Well that’s just commerce, those who defend Coachella might say. What about good music? For that, let’s turn to Pazz & Jop, the Village Voice’s annual poll of all the top critics from publications like Pitchfork, Slate, and Rolling Stone. Their No. 1 song of 2012 was (could it have been anything else?) “Call Me Maybe,” performed and co-written by singer-songwriter Carly Rae Jepsen. The most acclaimed album of the year was by a man, Frank Ocean, but in 2011 women had both the most acclaimed album of the year (actually the top two, from tUnE-yArDs and PJ Harvey) and the most acclaimed song of the year (actually the top three, from Adele, Beyoncé, and Nicki Minaj).

It’s true that these charts generally aren’t majority-female or even perfectly half and half. Sixteen of this week’s top 40 songs are from female-fronted groups, counting featured artists and guests, while only 34 of the Hot 100 are female-fronted, by the same measure. When it comes to Pazz & Jop, more than half (16 out of 30) of last year’s top singles were from female-fronted acts, but the album list is more male-dominated. Still, this doesn’t excuse Coachella. Each of these measures, chosen not by planners but by unplanned democratic consensus, celebrates many more female voices than that festival does.
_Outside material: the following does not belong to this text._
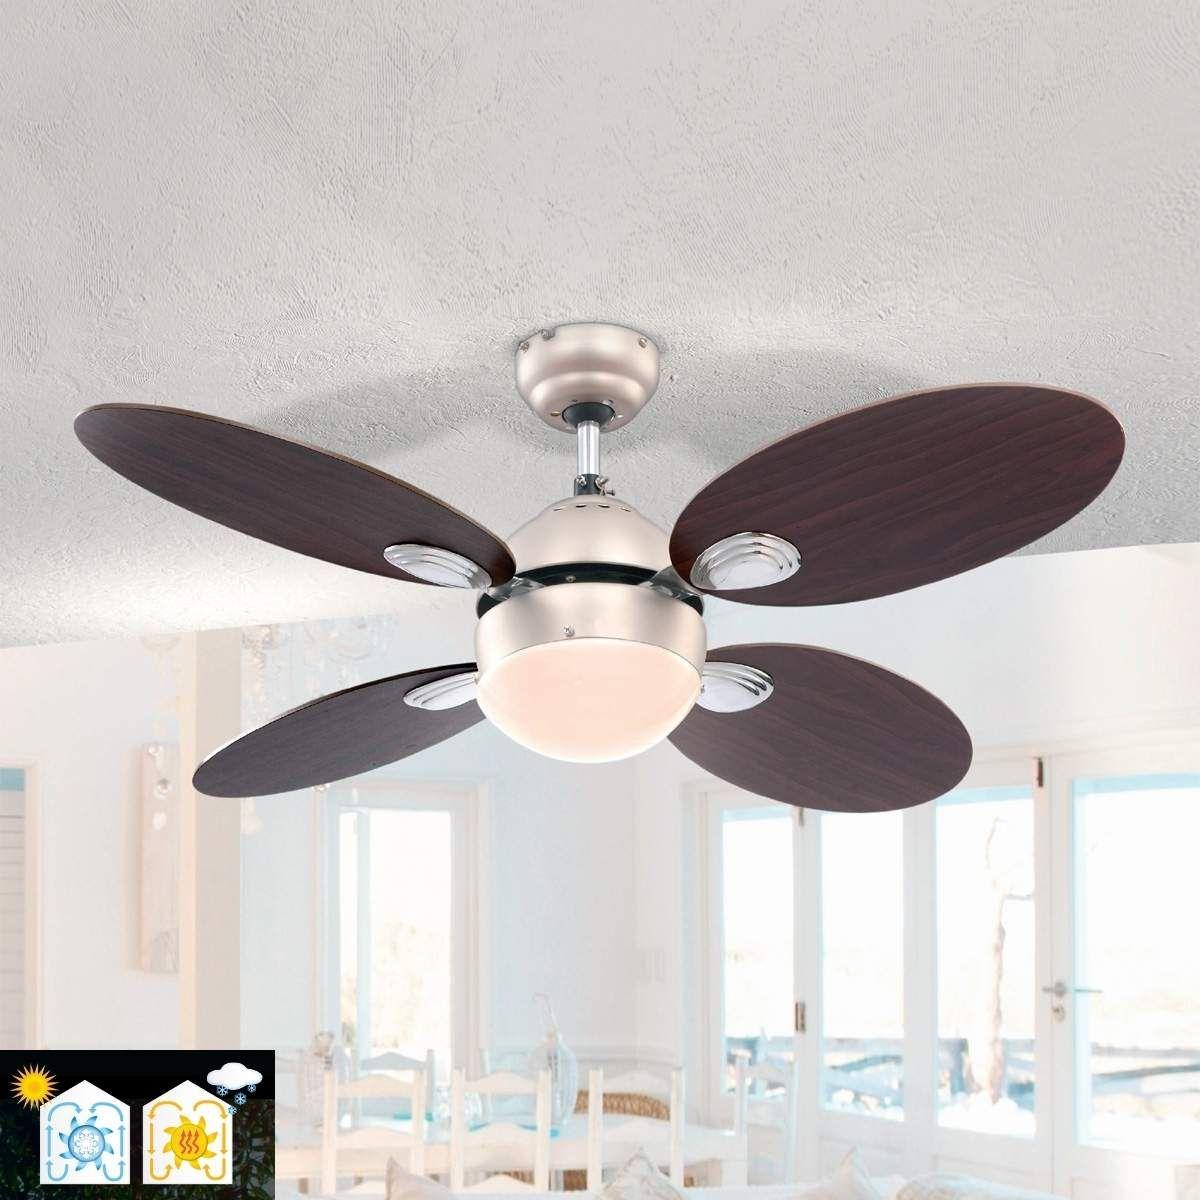 Klimaanlagen & Heizgeräte 6,6 W LED Decken Ventilator Zugschalter
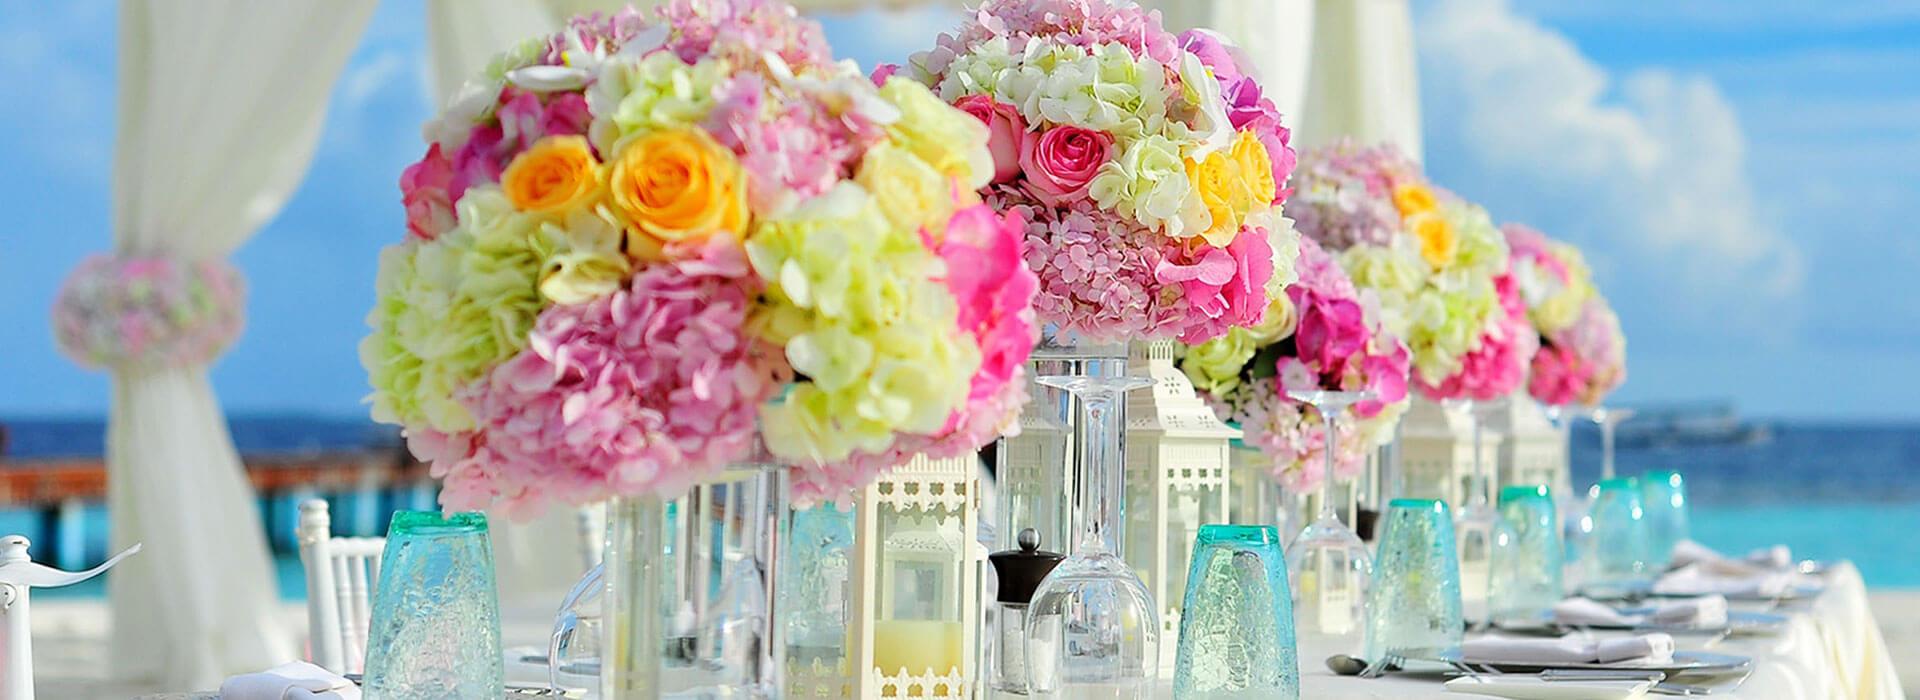 Arrangements für Hochzeit und Feste bei Blumen Bachhubers Florale Welten in Zwiesel

So am I saying that the organizers in Indio, or the fans they’re trying to please, hate women? No. The problem is larger than that and not nearly so simple. Indeed, most of the big music festivals have the same problem. For this year’s Lollapalooza, the top 13 acts are all fronted by men. At Bonnaroo, Björk is the only woman among the top 10 headliners. Festivals like Outside Lands, Sasquatch, and the electronic music festival Ultra are similarly male-dominated, though Pitchfork—four of whose top six acts this year are great solo female artists—shows that each of these festivals could do better.

Instead, the real problem at most of these festivals lies in the alternative subcultures they celebrate. Formed out of the male-dominated music scenes of jam music (in the case of Bonnaroo), late-’90s indie rock (Coachella), and early ’90s alternative and grunge (Lollapalooza), these festivals tend to celebrate diversity while dismissing the most popular pop acts—the ones who tend to dominate the charts and who tend so often to be female—as frivolous or corporate. As the festivals expand beyond their narrow roots, maybe fans and organizers should start to take the commercially and critically successful female acts they currently deride more seriously. Surely some of them are worth the kind of herculean effort—and often exorbitant cash—required to reunite groups like The Stone Roses (who headlined Coachella this year, in front of a disappointingly small audience). For now, a lot of the kids who think they’re forward-thinking are lagging behind the crowd.